Fanfare, New York, NY
“Two of the best releases in the Arte Nova series come from a pair of discs offering music of two leading American composers with David Montgomery conducting the Jena Philharmonic Orchestra. Indeed, Montgomery’s recording of music of Howard Hanson (74321 43306 2) can stand with the best performances in the catalog.  In Hanson’s ‘Romantic’ Symphony (No. 2), Montgomery shows a great feel for the American composer’s dark-textured lyricism in a spirited, energetic reading with a strong sense of romantic yearning.  Hanson’s Symphony No. 4, a requiem for his father, is even finer, a superb performance, rich in emotion, with the final Lux aeterna beautifully turned by Montgomery and the Jena musicians. These are compelling performances, with strikingly rich, full-bodied sound. Montgomery’s generous, 77-minute disc of popular theater works by Leonard Bernstein (74321 43321 1) is just as distinguished.  The German musicians manage to kick up plenty of energy in the ‘Cool’ fugue.  The suite from On the Waterfront is very well done, and the disc gains extra interest by including the complete Fancy Free ballet, given a driven, electric performance.  While Bernstein’s own recordings remain touchstones, these are exhilarating, surprisingly idiomatic performances, and well worth checking out.”

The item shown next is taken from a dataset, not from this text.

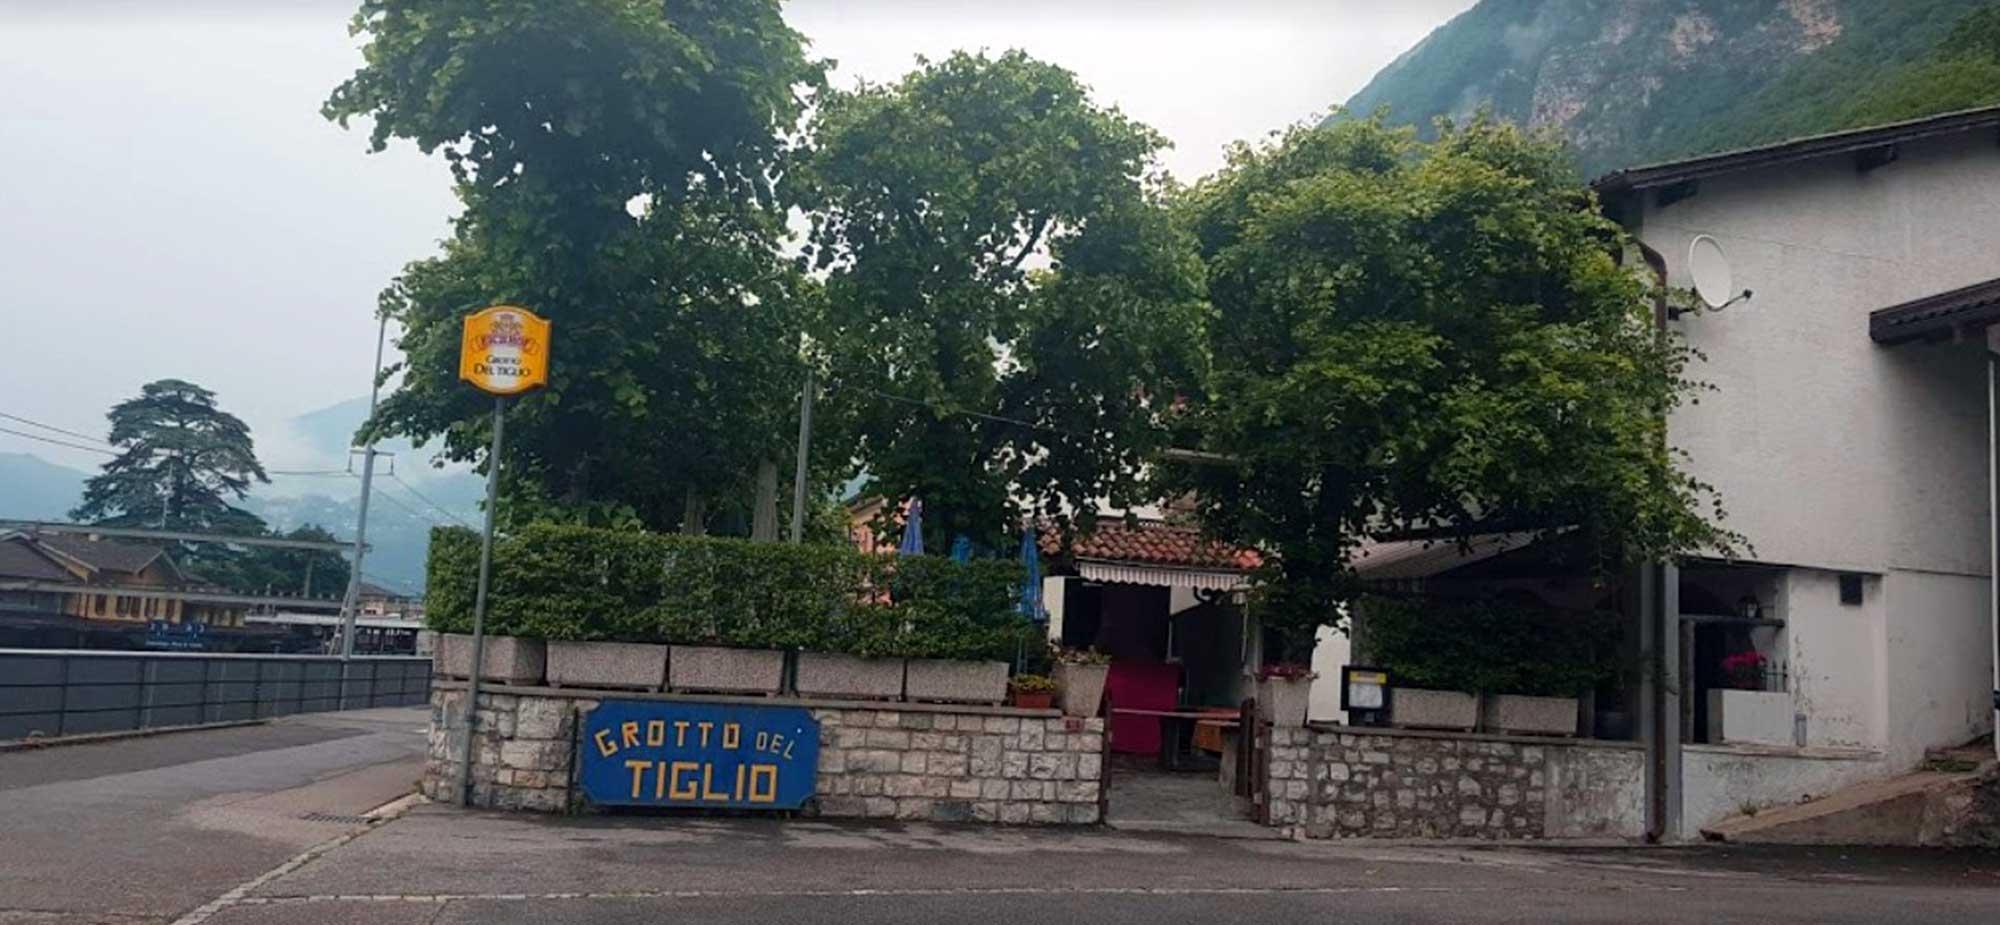 Grotto San Martino Mendrisio

Schubert authority David Montgomery has done music lovers everywhere a huge service in reminding us just how much we still do not know about Schubert’s beloved “Unfinished” Symphony—exactly where it was written, when, for what purpose, and the strange circumstances of its preservation and eventual rediscovery. Only by embracing the mystery can we see clearly how posterity has disregarded so much that we can know: specifically, what Schubert actually wrote and thus what his evident expectations in performance were. Montgomery rejects the traditional view of the work as a gloom-filled essay in pre-Wagnerian grandiosity, describing the music as filled with intimacy, grace, color, and supple rhythmic vitality. By analyzing the work’s compositional and transmission history in minute detail, Montgomery not only asks us to take a fresh look at a piece that we thought we knew cold, he justifies our making the effort.
–David Hurwitz, Executive Editor, ClassicsToday.com
David Montgomery’s Unfinished History at long last opens up a portal to a new performance tradition. There is lavish detail here and literally everything you need to know about D759 [Schubert’s Unfinished Symphony]. It makes fascinating reading for the scholar as well as the performer.
–David Zinman, Music Director, L’Orchestre Français des Jeunes.